Financial impact of quality emergency care: national perspective
Thursday, 17 August 2023
Mapped to the Johari Window of the known and the unknown, as illustrated below in Figure 1, emergency care (EC) remains firmly entrenched in a blind spot in Bangladesh. There have been many studies on the impact of the introduction of emergency care in low-and middle-income nations, but policymakers remained oblivious of the need. The World Health Organisation (WHO) has recognised this fact and realises that countries that have not established an EC Framework will fail to meet the Sustainable Development Goals (SDGs) in several criteria as set out by the United Nations Conference on Sustainable Development in 2012.
To this end, the WHO developed an Emergency Care Framework and also introduced a mandate in the 72nd World Health Assembly, held in 2019, for establishing EC systems as a major component of universal health coverage.

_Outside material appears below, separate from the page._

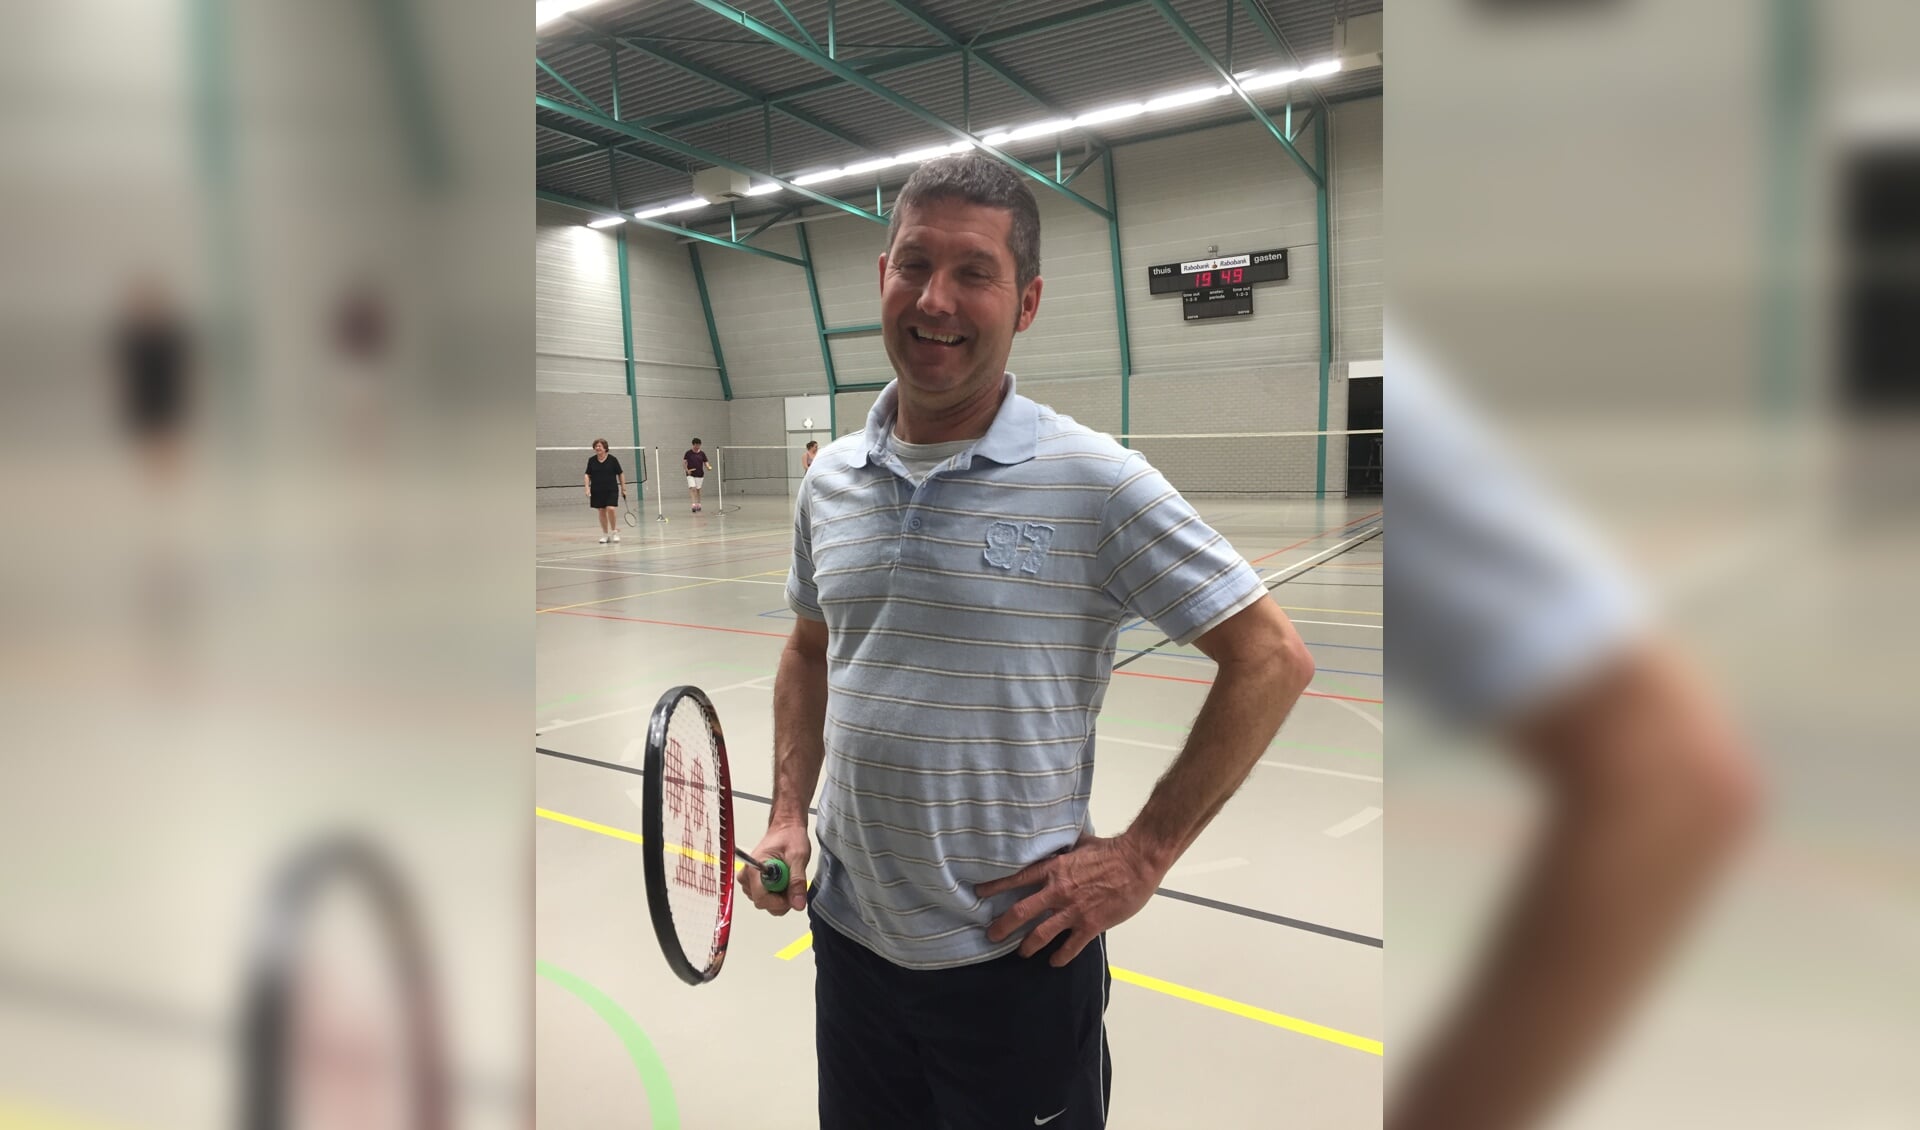 Bert Schepers is een van de fanatieke badmintonners bij Badminton Club Lieshout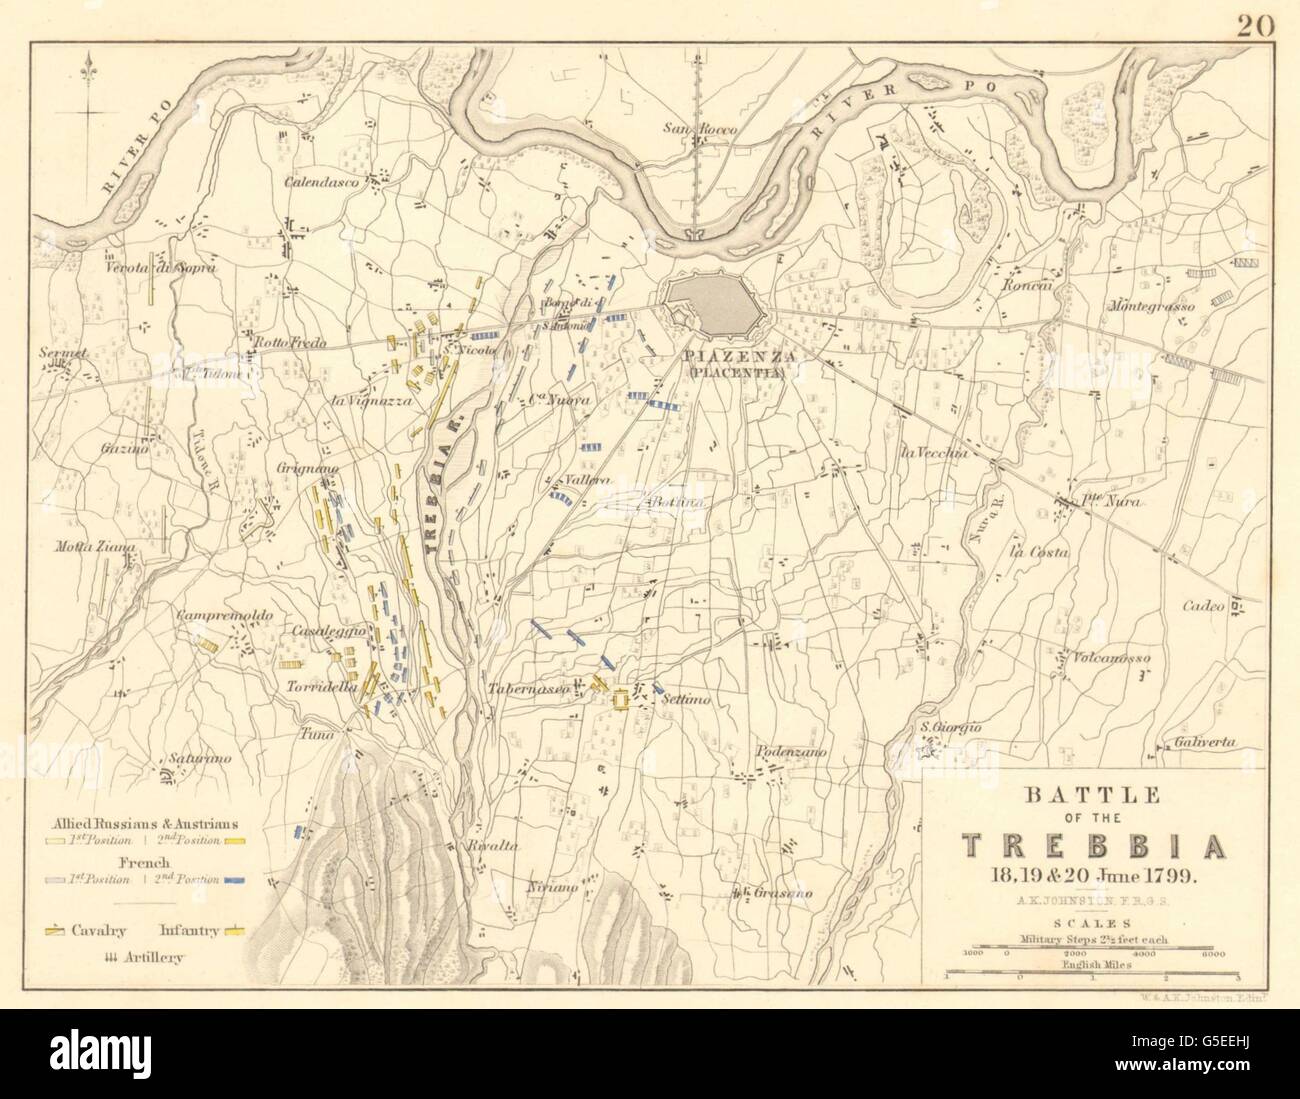 Schlacht an der TREBBIA: 18., 19. und 20. Juni 1799. Italien, 1848 Antike Landkarte Stockfoto

This is very important for Bangladesh and the evidence is plain to see. In the 1960s the under-5 mortality rate in Bangladesh was 247 per 1,000, and this dropped to 127 in 1992. With improved nutrition, vaccination programmes and other national health campaigns, the current rate is now down to 22 per 1,000. A drop of over 90 per cent in just over 60 years is remarkable, but it is unlikely that we will attain the lowest rate of 2.0 per 1,000 without introducing emergency care services for sepsis, drownings, road-traffic collisions and other types of trauma.
The lack of Emergency Medicine services will similarly be felt across targets like maternal and infant mortality, mortality from non-communicable diseases, road-traffic deaths and suicide rates, to name but a few. Leaving aside the social implications, the financial burden of such avoidable deaths is indeed immense.
Disability-adjusted life year (DALY) has been used as a time-based measure of the overall burden of disease, predominantly in low- to middle-income nations. It combines the years of life lost (YLL) due to premature mortality and years of life lost due to time lived in states of less-than-full health or in disability (YLD). This statistic works well with EC as it not only accounts for the death from emergency presentations but also the disabilities sustained due to sub-optimal care for presentations that are deemed time-critical.
Although no in-depth study has been conducted on the effects of emergency care in Bangladesh, gross data relating to DALY is available. The current crude death rate is 5.8 per 1.000 of the population, but this will include deaths upon which emergency care would have no impact. A 2010 estimate of people living with disability in Bangladesh puts the figures at 9.0 per cent of the entire population. And 27 per cent of these disabilities are physical, which may correlate to the failures of emergency care. The study recognised genetics, birth complications, maternal malnutrition, child malnutrition, incidences of particular diseases, lack of awareness, lack of early detection, lack of access to proper treatment, and poverty as causes of disability. Altogether, the economic impact of disability on Bangladesh was 1.74 per cent of its GDP.
Global studies estimate that the cost to avert a DALY in countries with medium Human Development Indices (Bangladesh has an HDI value of 0.661, ranking it at 129 out of 191 countries) is between USD 997 and USD 36,091 which stood at 0.67 per cent of GDP per capita on average. In low-HDI countries, this drops down to 0.34 per cent of the GDP, valued between USD 109 and USD 3507. It can thus be surmised that any intervention to avert a DALY that costs below 0.67 per cent of the GDP could be considered cost-effective.
Cost-effectiveness of a comprehensive rural acute care facility in Bangladesh was assessed by McCord et al in 2003, and the cost to avert one DALY was found to be USD 15. The acute care seen in this facility ranged from trauma, infectious diseases, acute abdomen and major surgical infections as well as maternal emergencies. These presentations align directly with standard emergency-care management. With the current per-capita GDP of Bangladesh being estimated at USD 2,847, the intervention at this facility to avert a DALY lies at 0.53 per cent.
Although the math is not exact, the evidence weighs in heavily. A failure to invest in an effective Emergency Care framework for Bangladesh immediately will not only cost us our SDG targets of 2030 but also will deprive the nation of the much-needed economic growth it needs to sustain the current plans of modernisation.
The writer is a specialist in international emergency medical care, working with the ZABS Foundation in Bangladesh and Doctors Worldwide in the UK. He is also a consultant in emergency medicine in the NHS, based in London.